WHAT IS BEING ASKED: List the lines of this listing that hold the word "with".

PROVIDED INFORMATION:

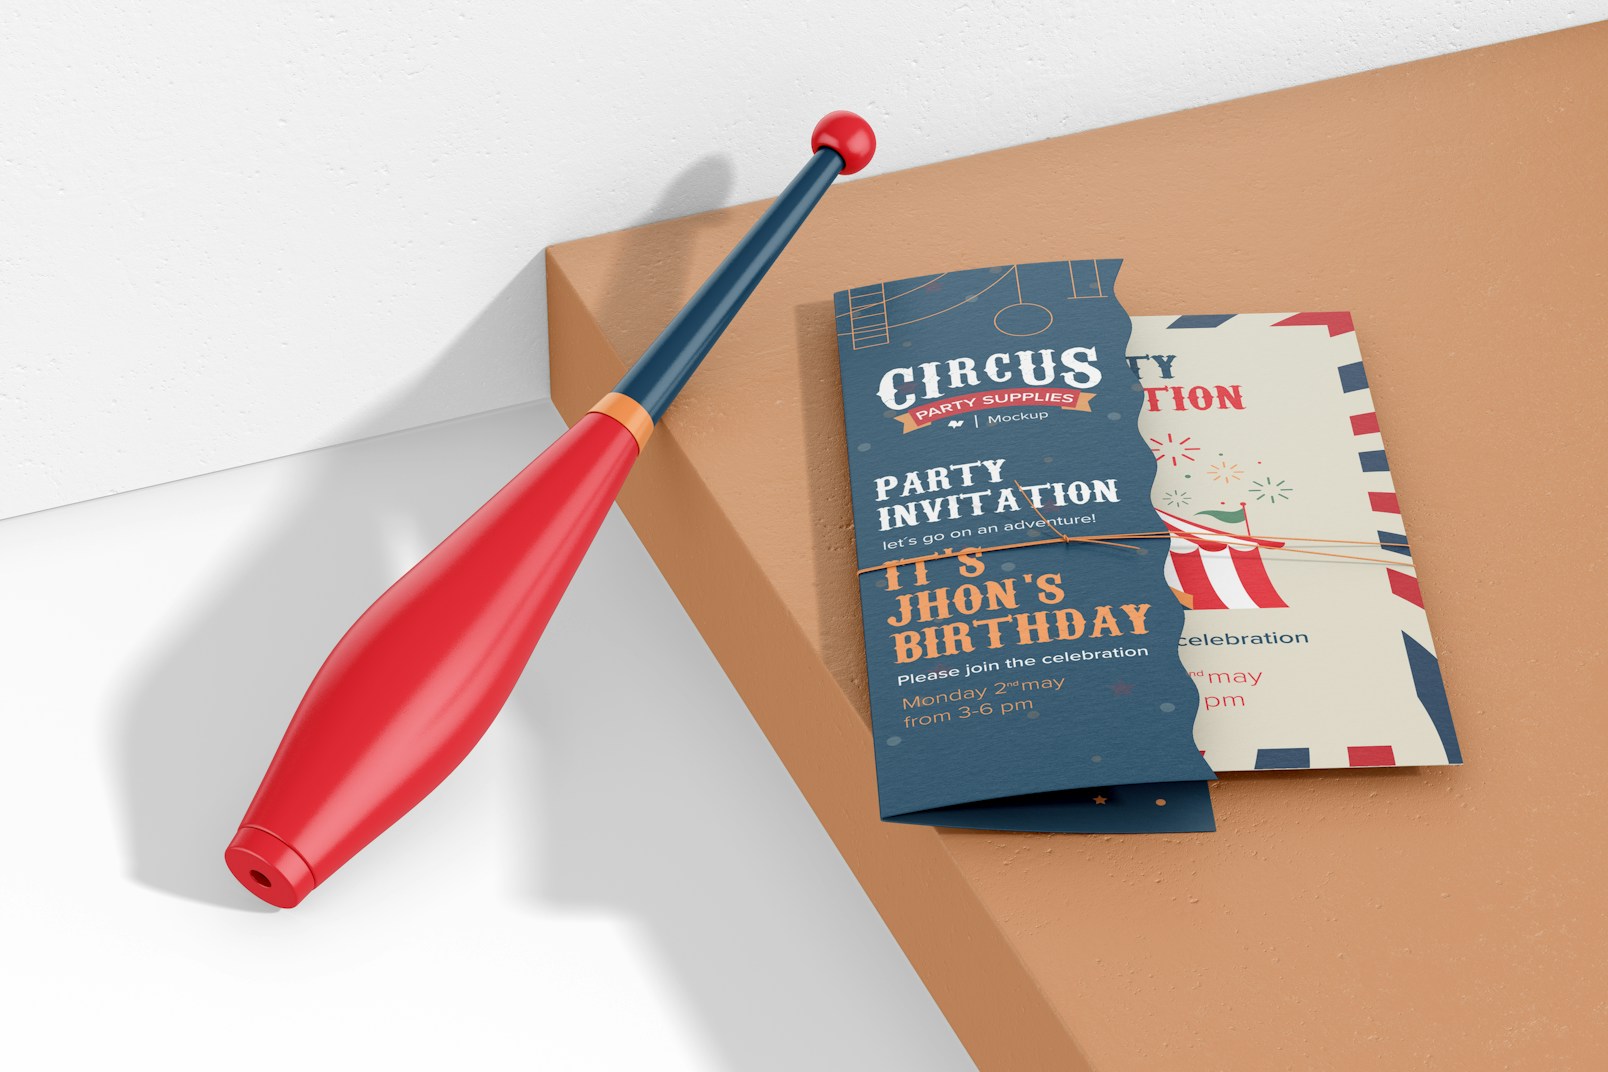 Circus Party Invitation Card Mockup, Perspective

---

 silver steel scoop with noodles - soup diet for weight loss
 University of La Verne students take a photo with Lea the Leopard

==

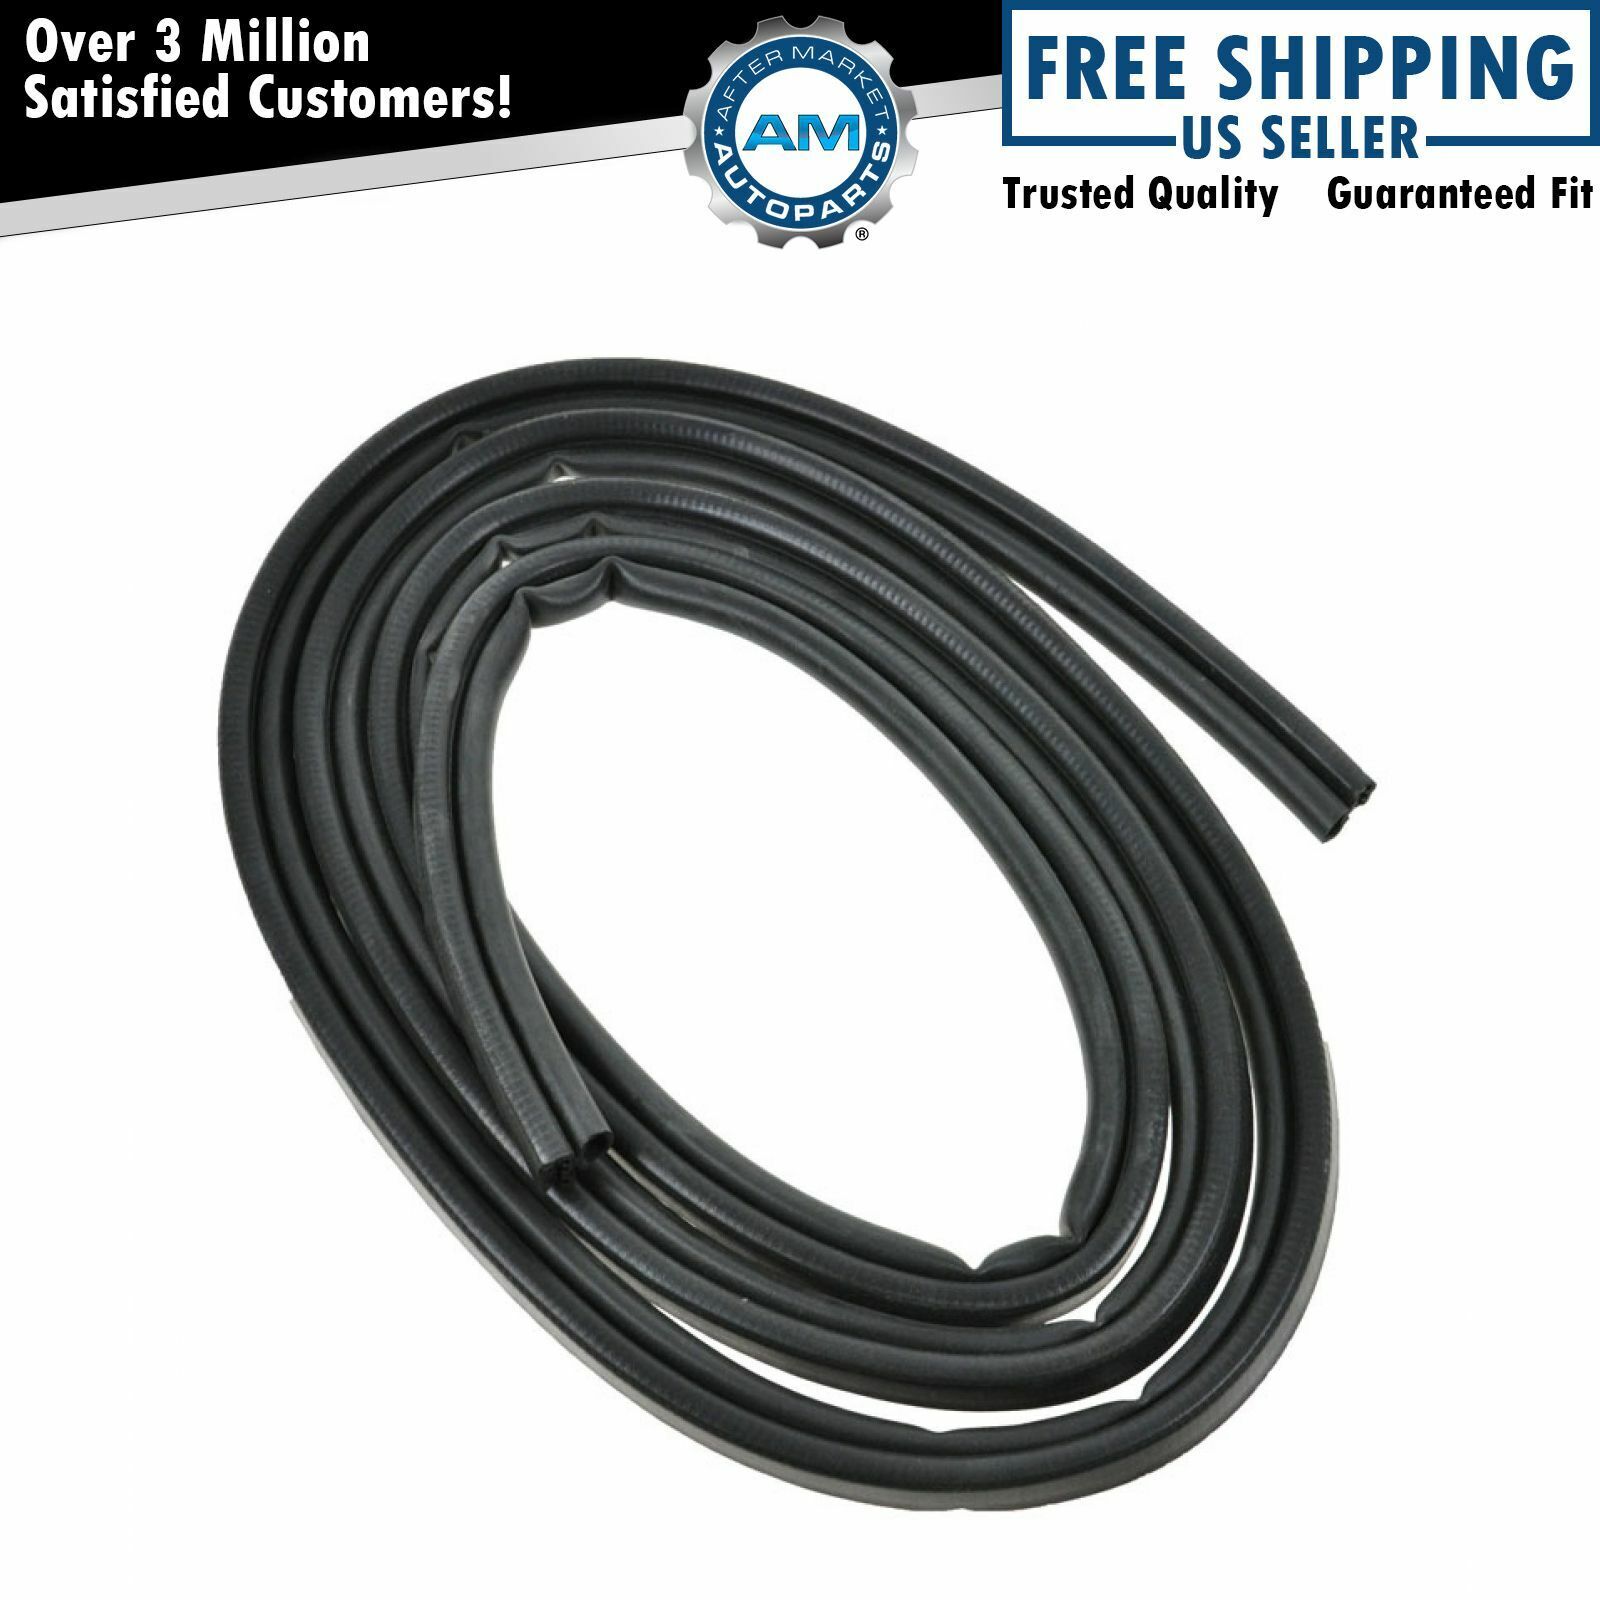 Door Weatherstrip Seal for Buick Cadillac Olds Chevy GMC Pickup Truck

EXPECTED ANSWER:
 silver steel scoop with noodles - soup diet for weight loss
 University of La Verne students take a photo with Lea the Leopard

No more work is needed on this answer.